**REQUIREMENT:**
Beginning with the line that contains "Mount Elgon, Kenia", repeat each line exactly through the end of the listing below. Pictures stay out.

**PROVIDED DATA:**
==============================

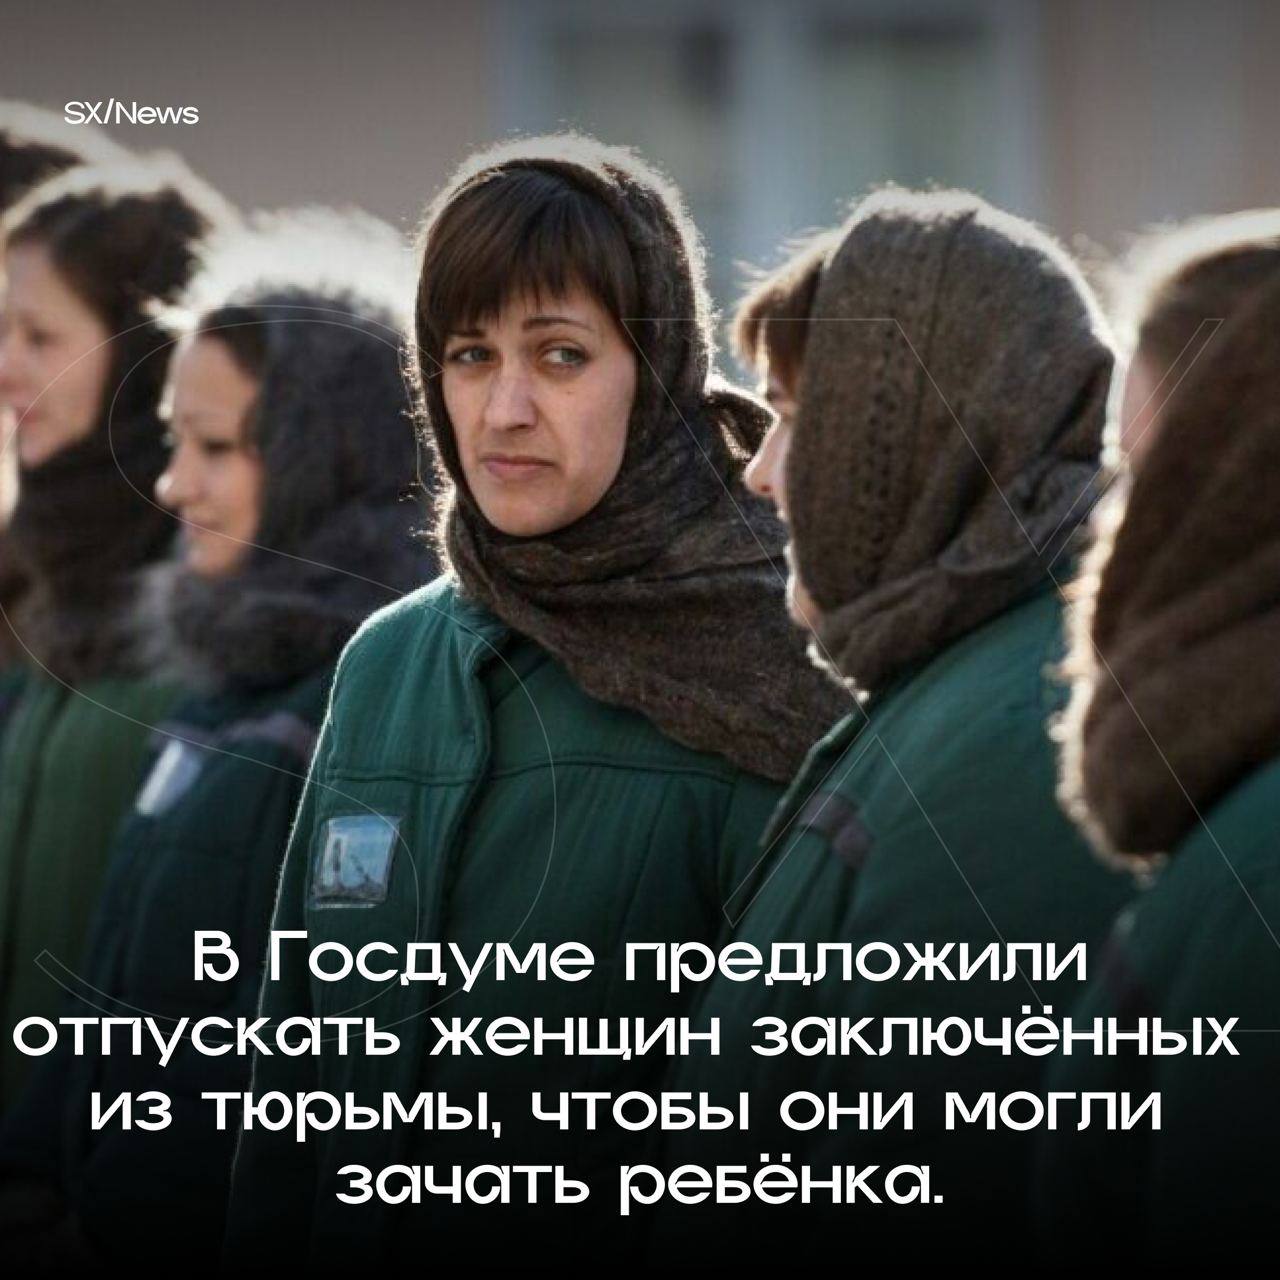 Отбывание наказания женщин. Женская колония строгого режима в России. Женщины заключенные. Женщины осужденные. Тюрьма женская колония.
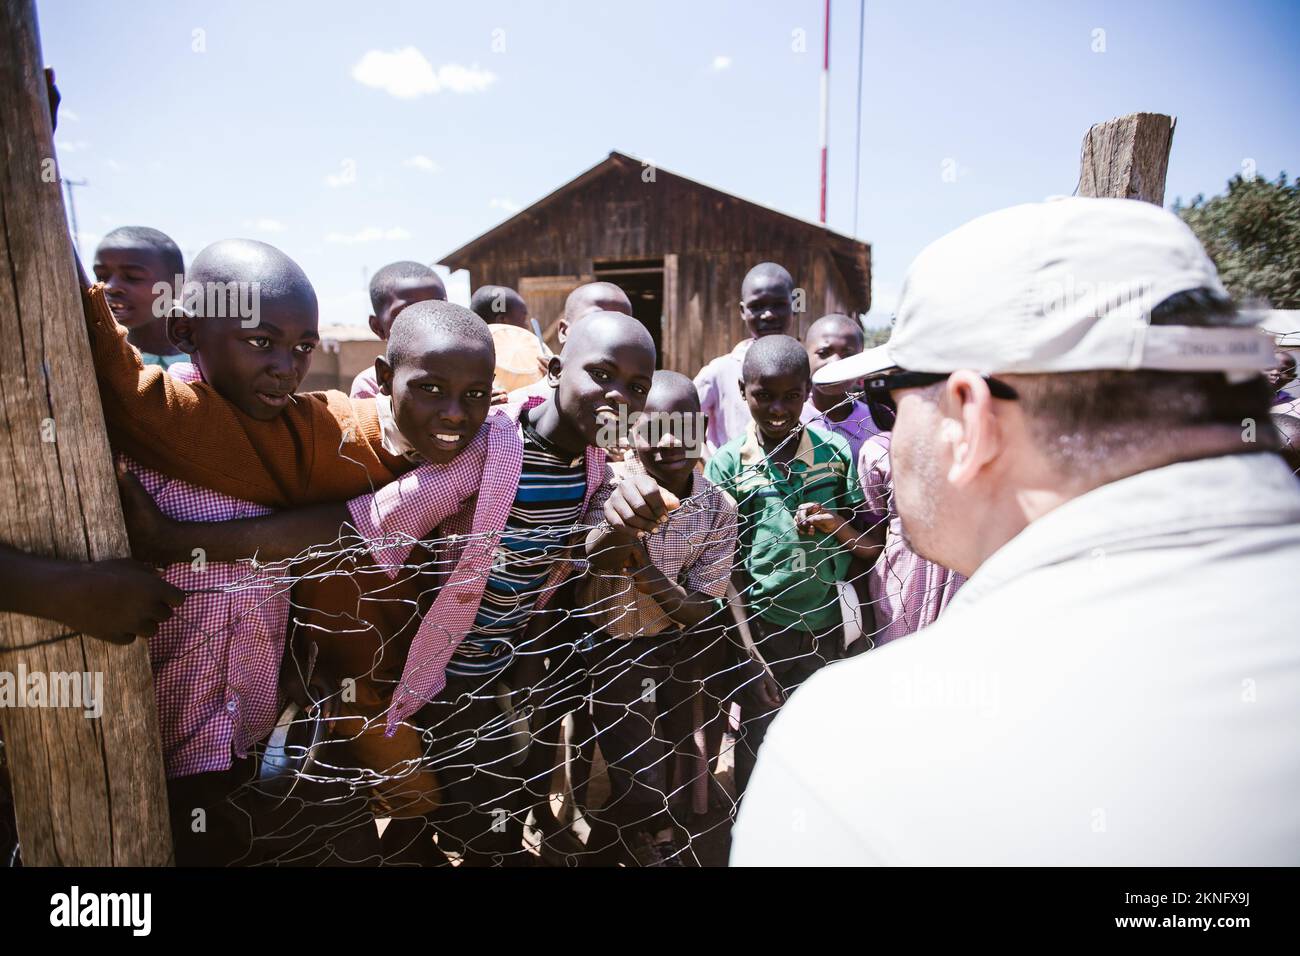 Mount Elgon, Kenia - 01.25.2017: Kinder aus armen Familien lächeln in zerrissener Kleidung. Ein Missionarsteam kam, um Obdachlosen zu helfen. Stockfoto
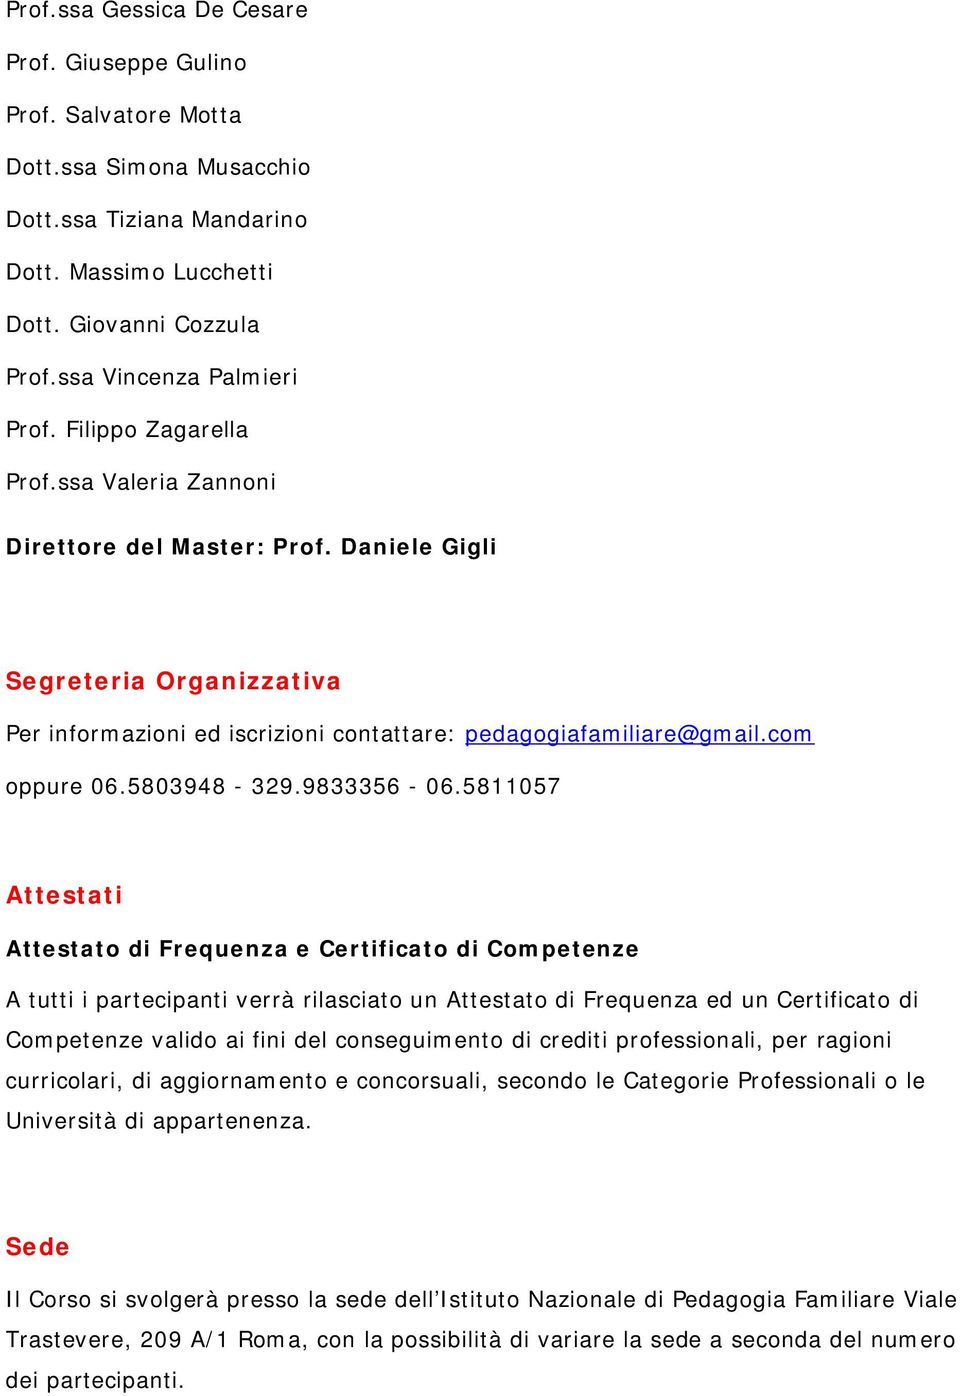 Daniele Gigli Segreteria Organizzativa Per informazioni ed iscrizioni contattare: pedagogiafamiliare@gmail.com oppure 06.5803948-329.9833356-06.

==============================

**EXERCISE RESULT:**
 Mount Elgon, Kenia - 01.25.2017: Kinder aus armen Familien lächeln in zerrissener Kleidung. Ein Missionarsteam kam, um Obdachlosen zu helfen. Stockfoto
 Daniele Gigli Segreteria Organizzativa Per informazioni ed iscrizioni contattare: pedagogiafamiliare@gmail.com oppure 06.5803948-329.9833356-06.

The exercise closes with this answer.